第23章 拗れた微熱は指先に溶けて《後編》* 石田三成
「あぁぁっっ………!」
その時、美依様が躰を痙攣させて、甘く喘いだ。
ああ、気をやったのだなとすぐに気づいたけれど、割と限界まできていた私は、後先も考えず……
「っ…ん………」
私自身も美依様の脚の間で欲を放った。
息を詰めて腰を震わせ、突き抜けるような快感に襲われてしまえば、美依様の脚がべっとりと汚れ。

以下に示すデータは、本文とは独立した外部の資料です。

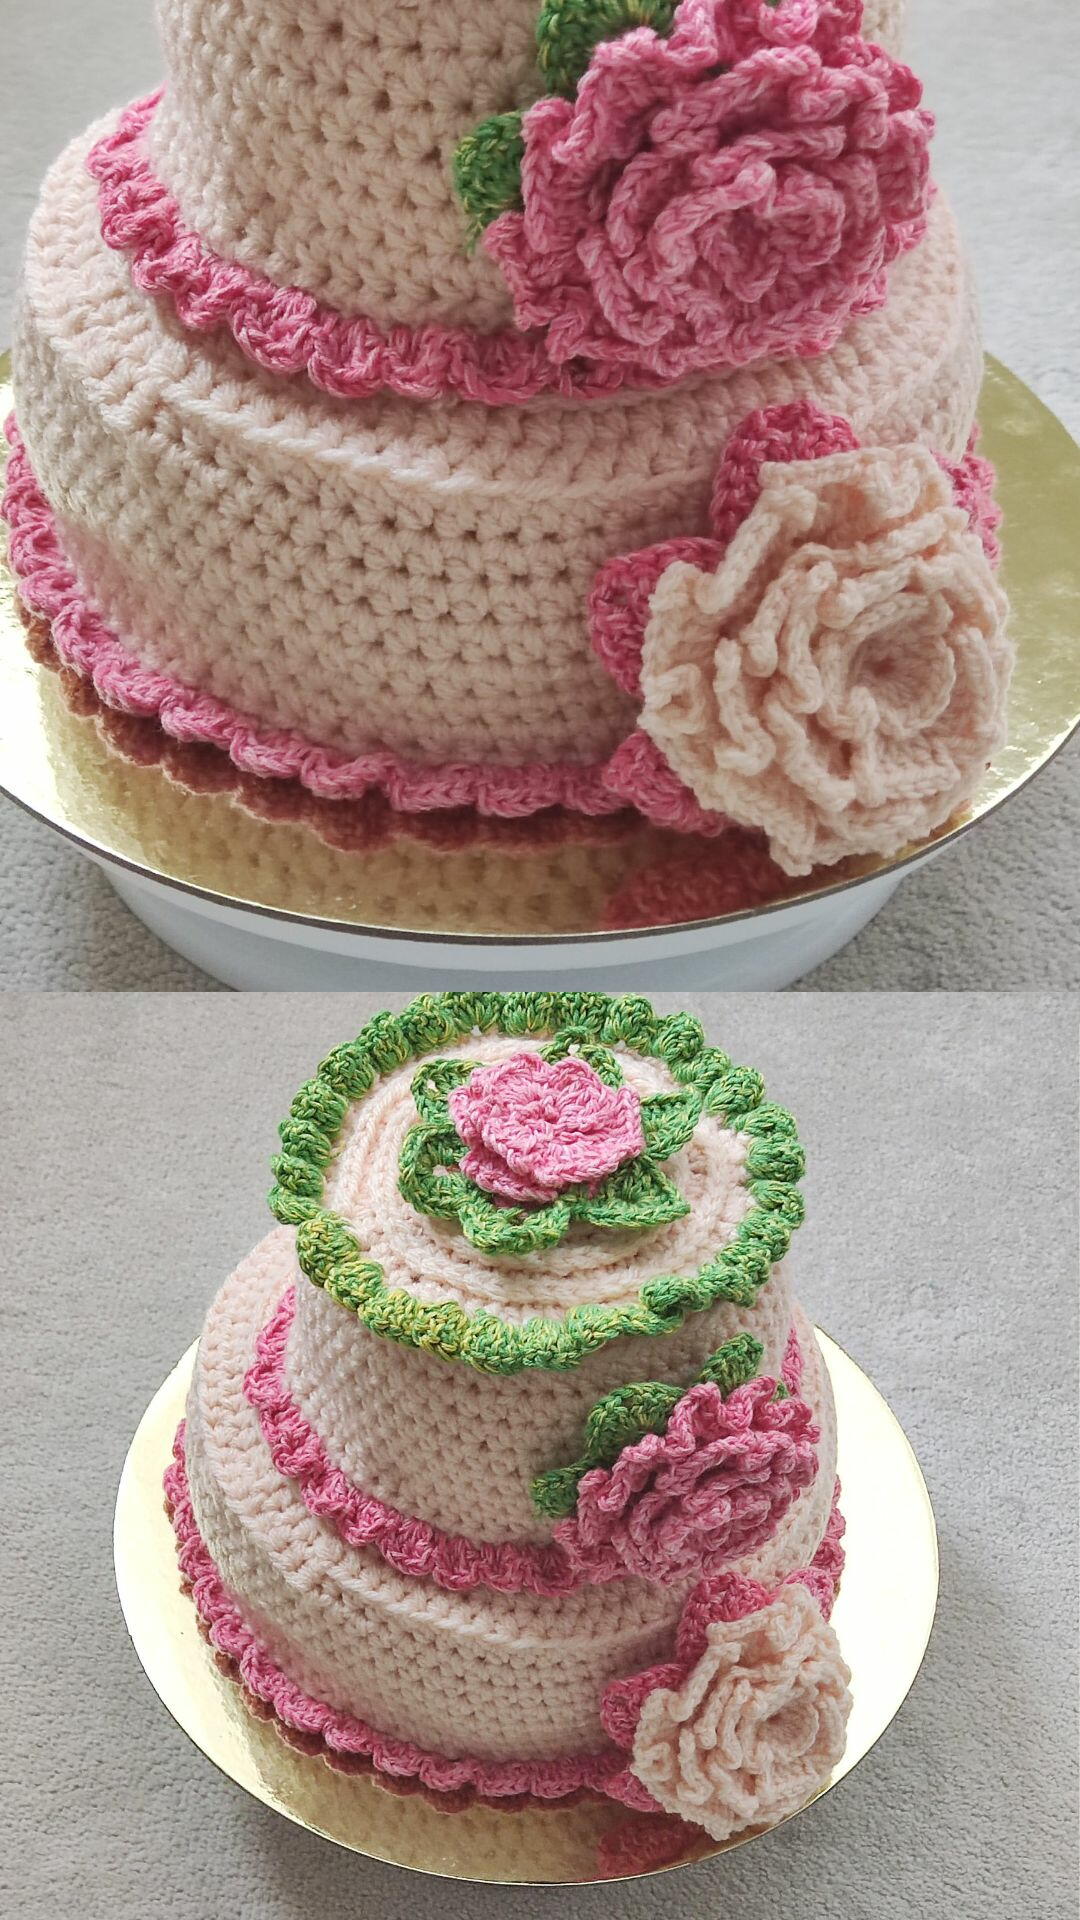 25+ Best Image of Crochet Birthday Cake - birijus.com | Themed cakes,  Knitting cake, Themed birthday cakes

男が吐精すれば汚してしまうとよく考えれば解るのに『一緒に果てたい』など馬鹿な事を言ったものだ。
(しまった…後の祭りか)
美依様と抱き合い、荒い息を一緒に整えながら視線を絡ませる。
私の考えていることを察したのか、美依様は赤い顔をしながら困ったように笑い……
『気持ち良かったね』と可愛らしい声で言った。
「……着替えますか、お手伝いしますね」
「うん……ありがとう」
「さすがに秀吉様あたりに怒られてしまいます」
「ふふっ、そうかもね」
悪戯っぽい笑みに変わった貴女もまた可愛い。
私達は顔を見合わせ、また唇を重ねる。
想いを伝えるように、何度も触れ合わせながら……
満ちるような幸せに、胸がいっぱいになった。
昼下がり、気怠げな貴女と想いを交わす。
少し高い体温、焦げるような熱情を蕩かすような睦み合いは私達の関係をより一層強くさせた。
ただ、美依様は風邪を引いていて。
私は口づけたり何だりしていたのだから、その後どうなったかと言うと……
*****
「三成君、お粥作ってきたよー!」
「ありがとうございます、美依様」
褥から上半身を起こすと、美依様がご機嫌の様子で粥を運んできた。
その嬉しそうな姿に若干苦笑してしまうが……
今は体の中に入っている厄を取り除くのが先決だろう。
美依様はあれからすぐに全快し、やっと日常が戻る……と思いきや、今度は私が風邪を引いた。
完全に美依様のが移ったと思われる。
まあ、あれだけ触れ合っていれば当然だし『大丈夫です』の言葉が嘘になってしまって、それは少し申し訳ない。
逆に美依様は私の世話が焼けると上機嫌であるけれど。
張り切る姿が可愛いなぁなんて、結局は何をしていても愛しく思ってしまうのだ。